To understand how effectively the core is isolated in the solvent-free liquids, absorption and emission spectra of 1 and 2 (Fig. 4, Supplementary Fig. S10) were compared in the solvent-free state and dilute solution. Intermolecular interactions of the anthracene core are almost completely prevented, and monomeric features identical to those in dilute dichloromethane solutions are retained in the dense bulk liquid state. Despite a longer wavelength tail appearing in the absorption spectra in the solvent-free state, which is likely to be caused by scattering from the surface, the emission features are identical in both cases. The yellowish, transparent liquid of 2 under visible light (Fig. 4c) exhibits a strong blue emission under ultraviolet light (λex=365 nm, Fig. 4d). The blue-emitting anthracene liquids (1 and 2) exhibit high absolute fluorescence quantum yields of ca. 55% in solvent-free thin films under ambient conditions (Supplementary Table S1). These are somewhat lower than the values obtained for the dilute dichloromethane solutions (Supplementary Table S2), but still relatively high for solid or film states of anthracenes23. Values for the absolute fluorescence quantum yield at liquid nitrogen temperature and refractive index values of the derivatives are summarized in Supplementary Table S1. The ultraviolet-visible absorption, steady-state fluorescence and photoconductivity measurements (Supplementary Fig. S11) highlight the importance of our design strategy to yield room-temperature liquids by enveloping each core with branched alkyl chains to reduce the intermolecular core–core interactions. This core isolation strategy enables the intrinsic monomeric characteristics of a π-conjugated core unit to be achieved in bulk, solvent-free liquid matter.

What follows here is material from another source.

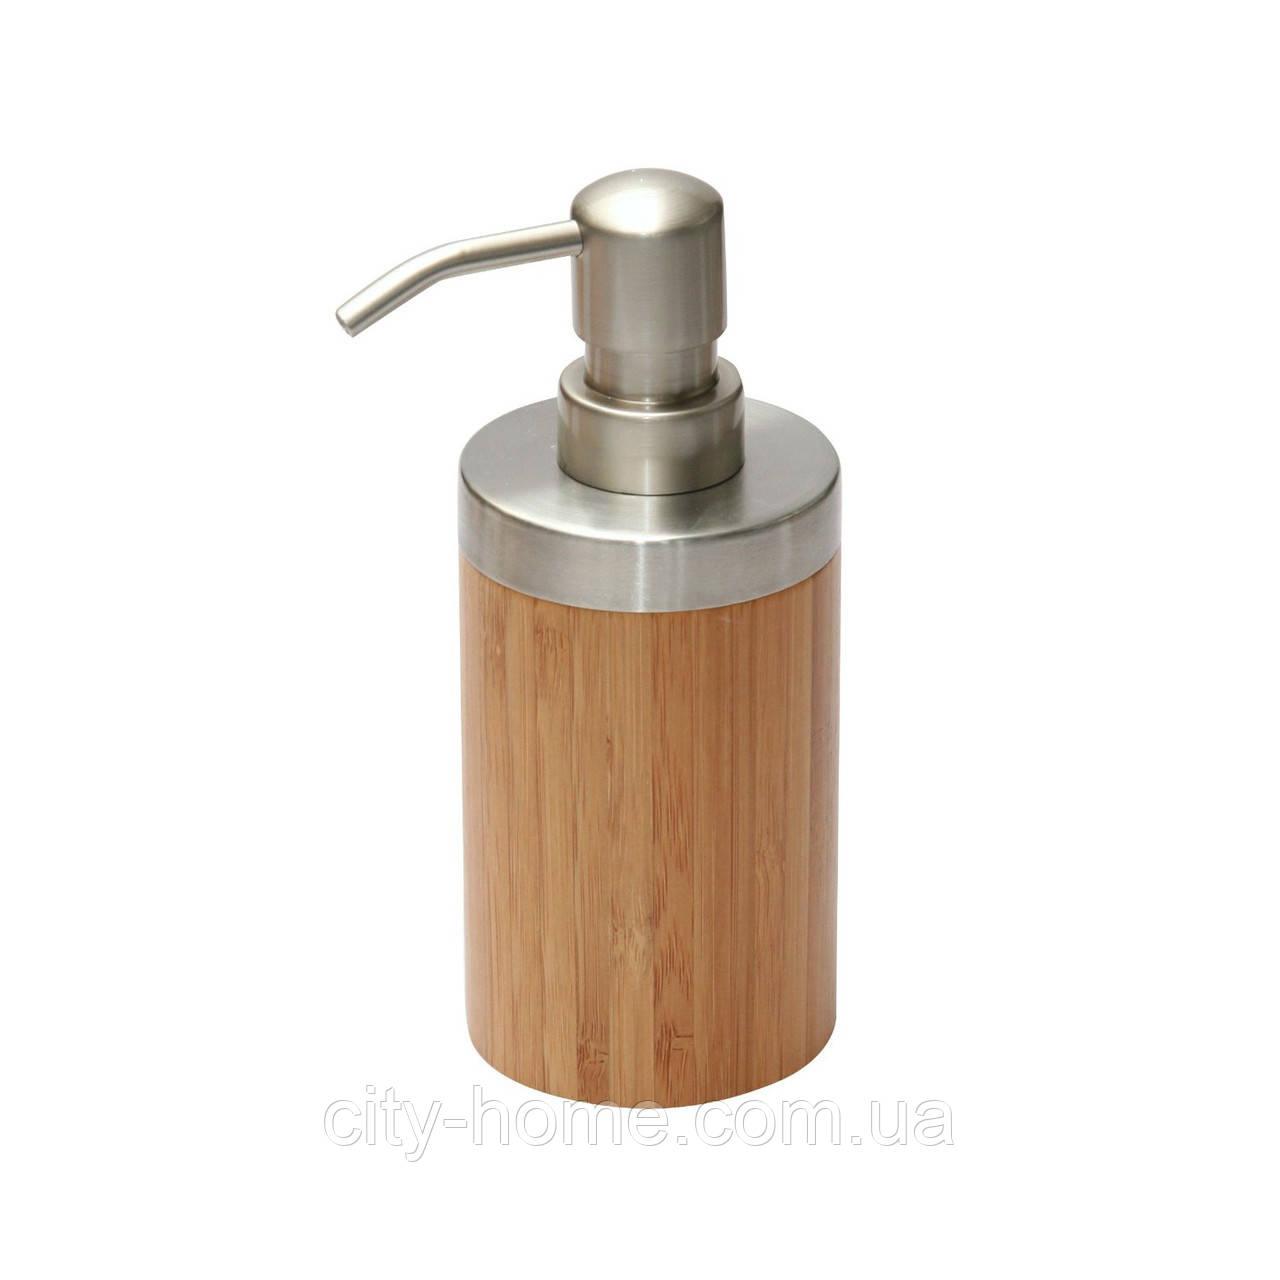 Дозатор для жидкого мыла Бонья

Figure 4: Optical features of liquid anthracenes.
Figure 4

Comparison of the normalized (a) absorption and (b) fluorescence spectra of 1 and 2 in a solvent-free bulk liquid state (solvent-free) supported on a quartz plate at room temperature and in dichloromethane solution (Solution) (c=5 × 10−5 M, l=1 mm, λex=375 nm). Photographs of 2 under (c) visible and (d) ultraviolet light (365 nm).

Energy transfer with minute doping

In contrast to previously reported organic luminescent materials that have substantially reduced quantum efficiency in the solvent-free solid or film state, high quantum yields have been achieved by these luminescent solvent-free liquids. A long-standing problem with organic materials has thereby been solved through this alternative route. A further development is to manipulate the luminescence colour in a facile and cost-effective way. Recently, organic materials with tunable luminescence behaviour have gained much attention24,25,26,27,28,29,30. Among those systems, energy transfer assisted light harvesting assemblies with tunable emission properties have been widely studied28,29,30. However, in most other cases the ability to effectively tune the colour with only a very small mol% of acceptor dopants in solvent-free conditions is rather limited. To control the emission features of the anthracene liquids, minute amounts of different solid dopants were used, namely 9,10-bis(phenylethynyl)anthracene (dopant-1, D1) and tris(1,3-diphenyl-1,3-propanedionato)(1,10-phenanthroline)europium(III) (dopant-2, D2) (Fig. 1). Owing to its low viscosity in the solvent-free state, 1 was used as the liquid matrix into which D1 and D2 could be dissolved by simply blending with a spatula. The spectral overlap integral between the emission of donor 1 and the absorption of acceptor D1 was found to be J(λ)=8.86 × 1014 M−1 cm−1 nm4, indicating that D1 can be a suitable acceptor for energy transfer from 1 (Supplementary Fig. S12)31,32.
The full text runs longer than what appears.